• **Exercise goal**
Transcribe the data in full and exactly, omitting any pictures.

• **Information shown**
*** Begin section ***
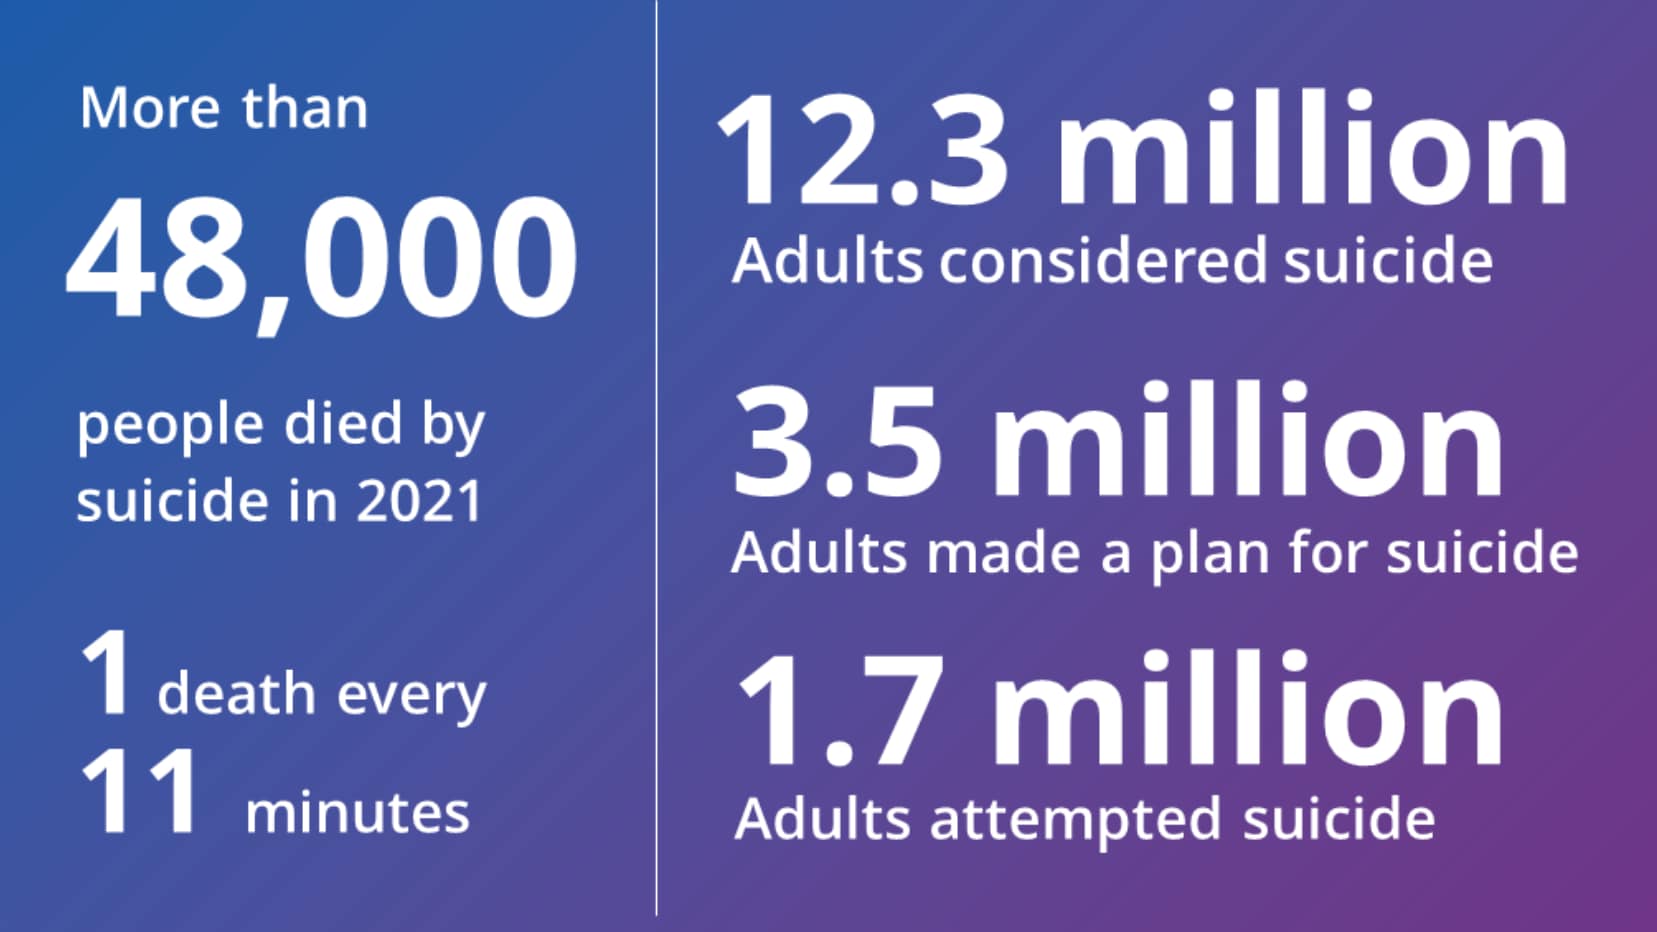 More than 48,000 people died by suicide in 2021. That is 1 death every 11 minutes. 12.3 million adults seriously thought about suicide. 3.5 million adults made a plan. 1.7 million adults attempted suicide.
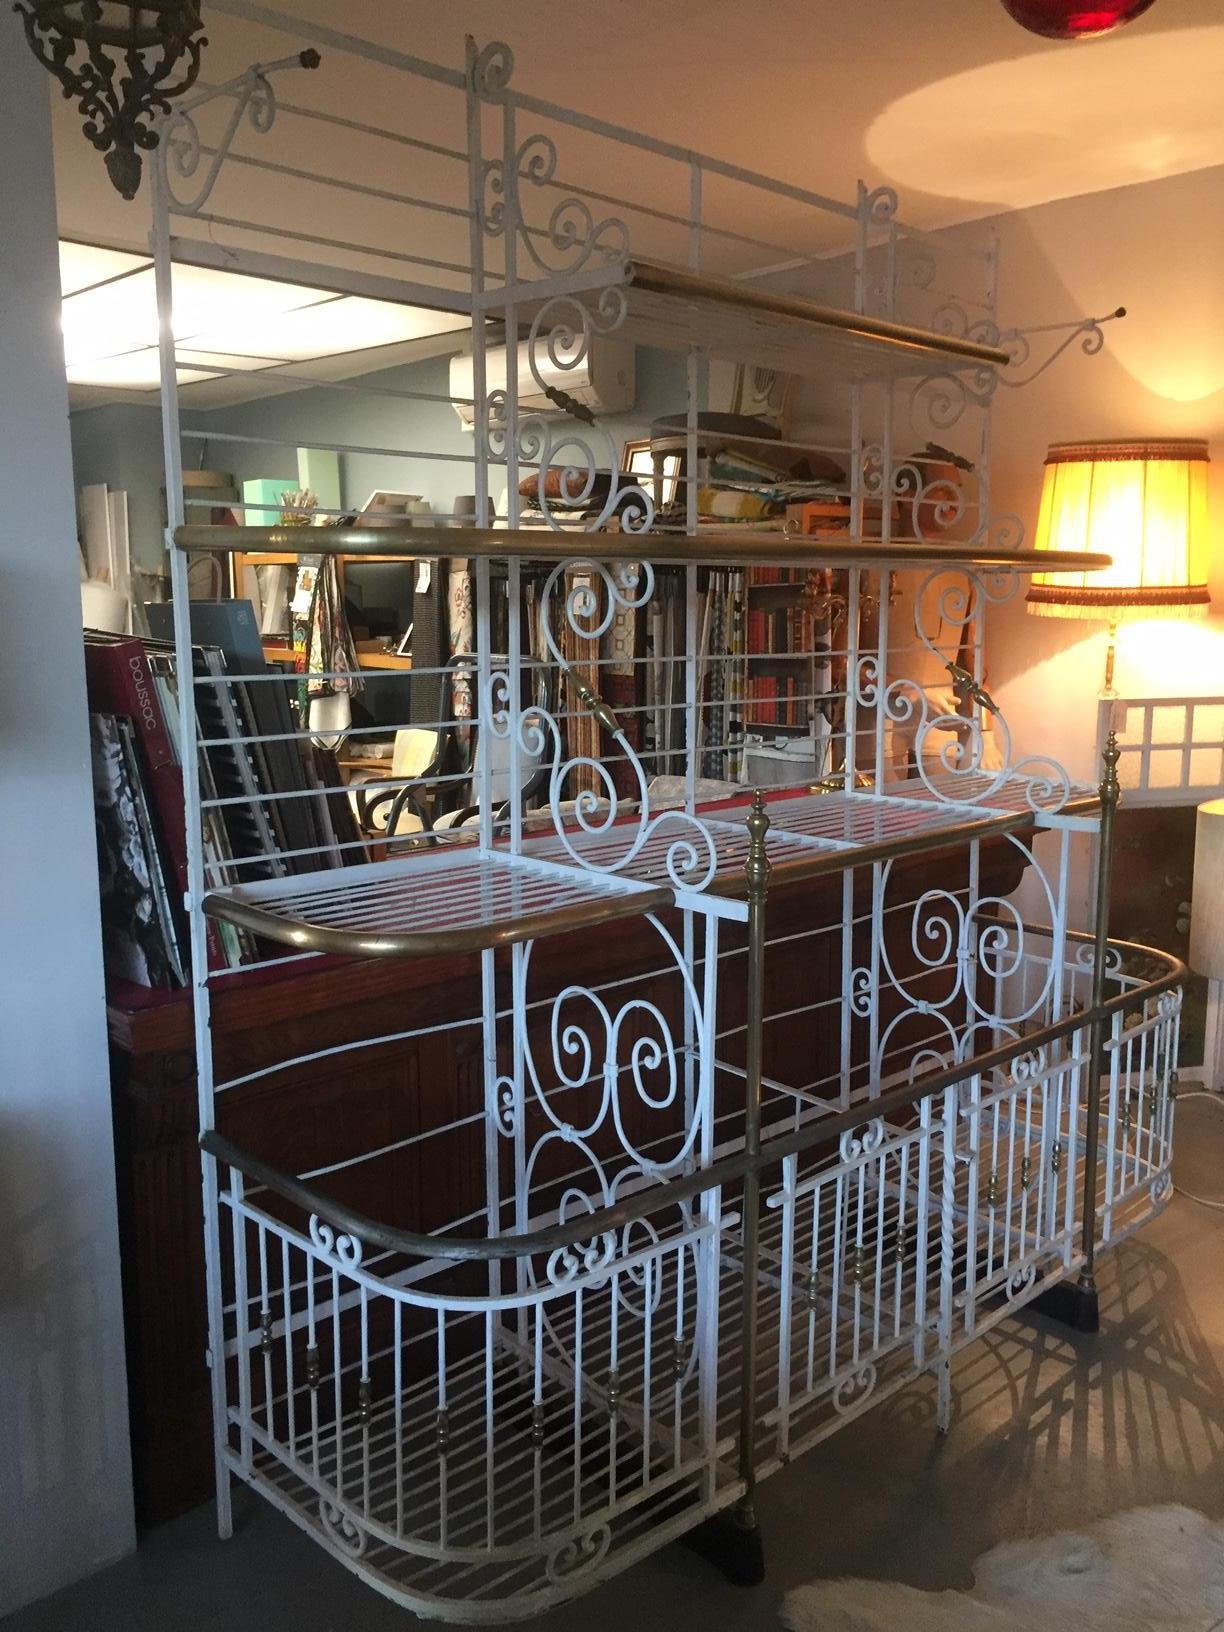 Beautiful 20th century French wrought iron and gilded brass baker's rack from the 1920s.
Used to present the bread. Very nice wrought iron. Exceptional quality. Not removable.
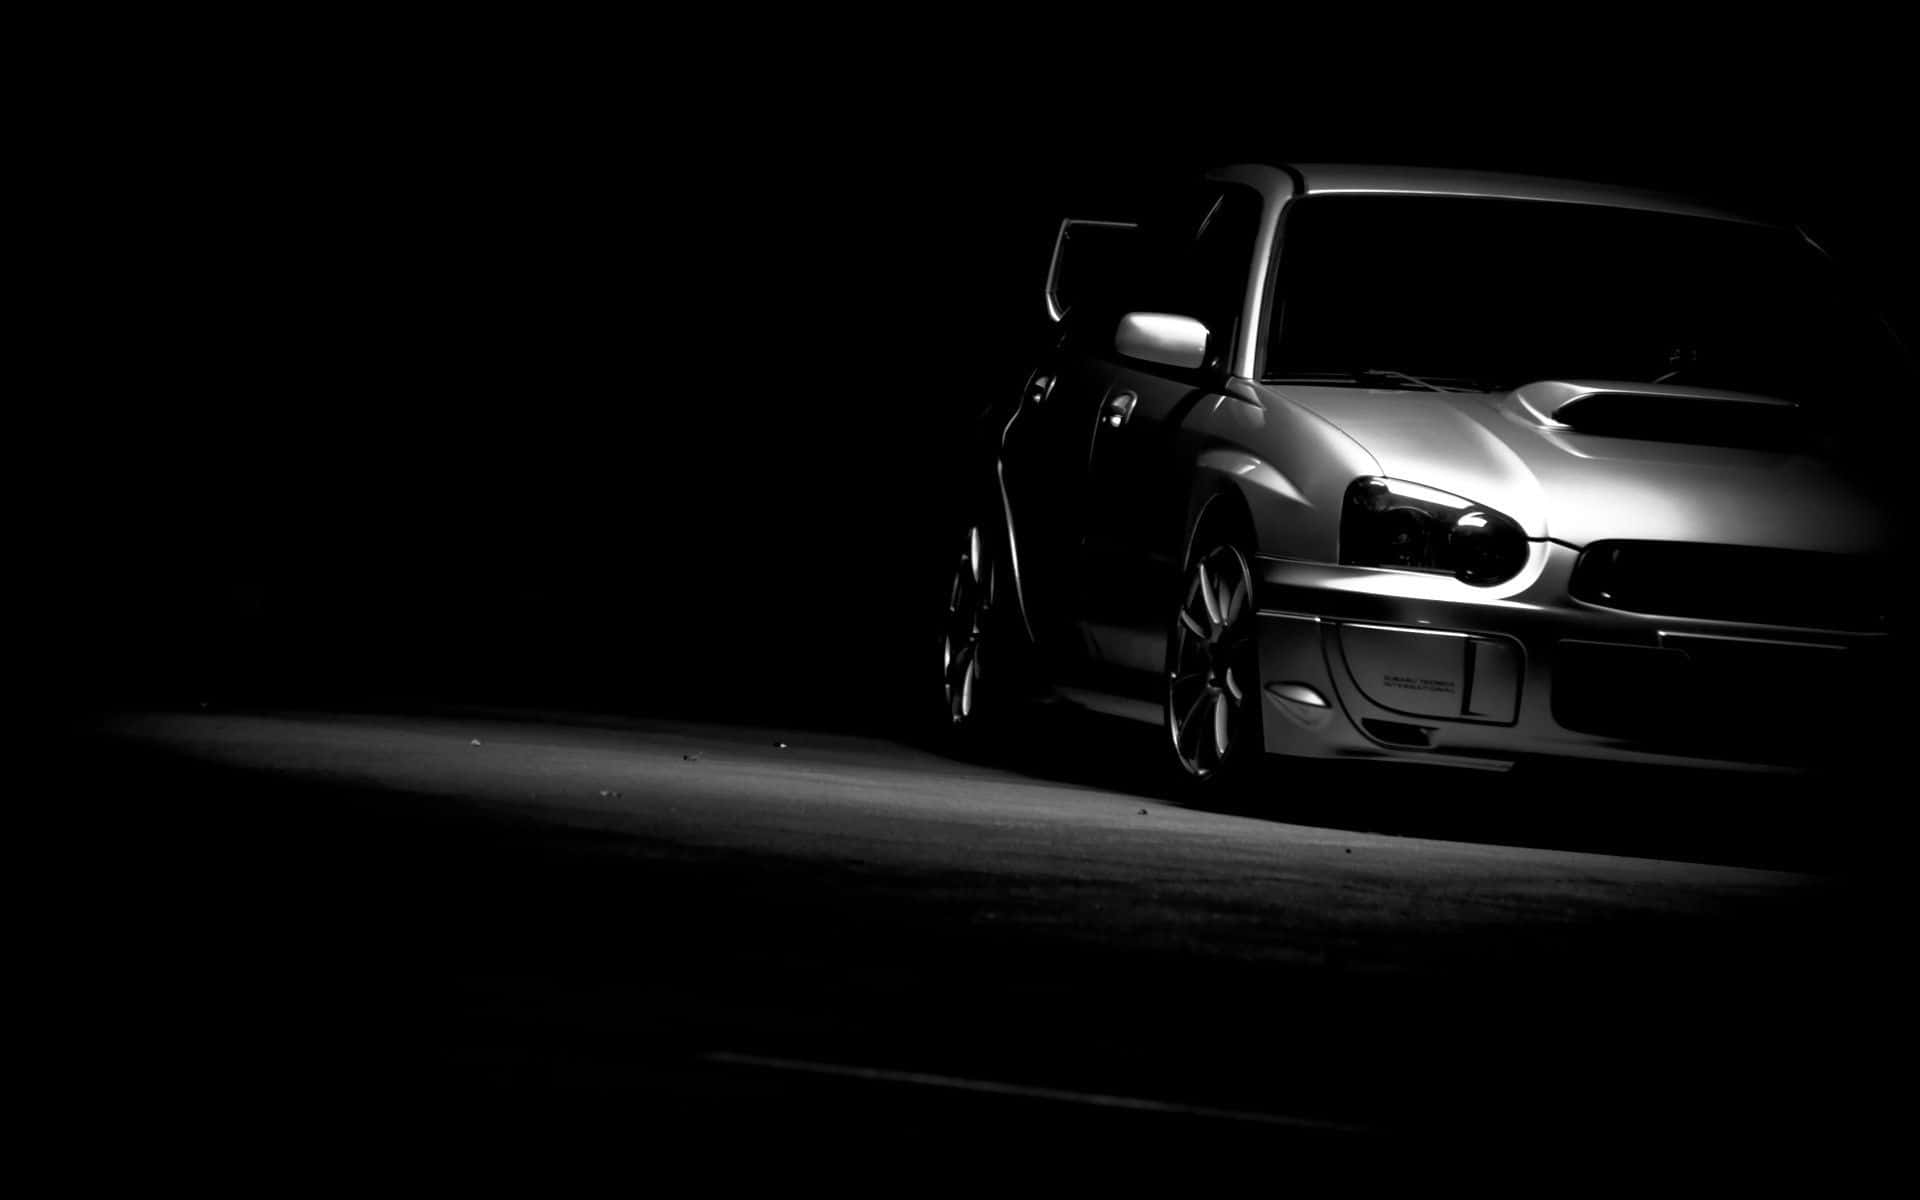 Sleek Black and White Car on the Road Wallpaper
*** End section ***
• **Worked solution**
 More than 48,000 people died by suicide in 2021. That is 1 death every 11 minutes. 12.3 million adults seriously thought about suicide. 3.5 million adults made a plan. 1.7 million adults attempted suicide.
 Beautiful 20th century French wrought iron and gilded brass baker's rack from the 1920s.
Used to present the bread. Very nice wrought iron. Exceptional quality. Not removable.
 Sleek Black and White Car on the Road Wallpaper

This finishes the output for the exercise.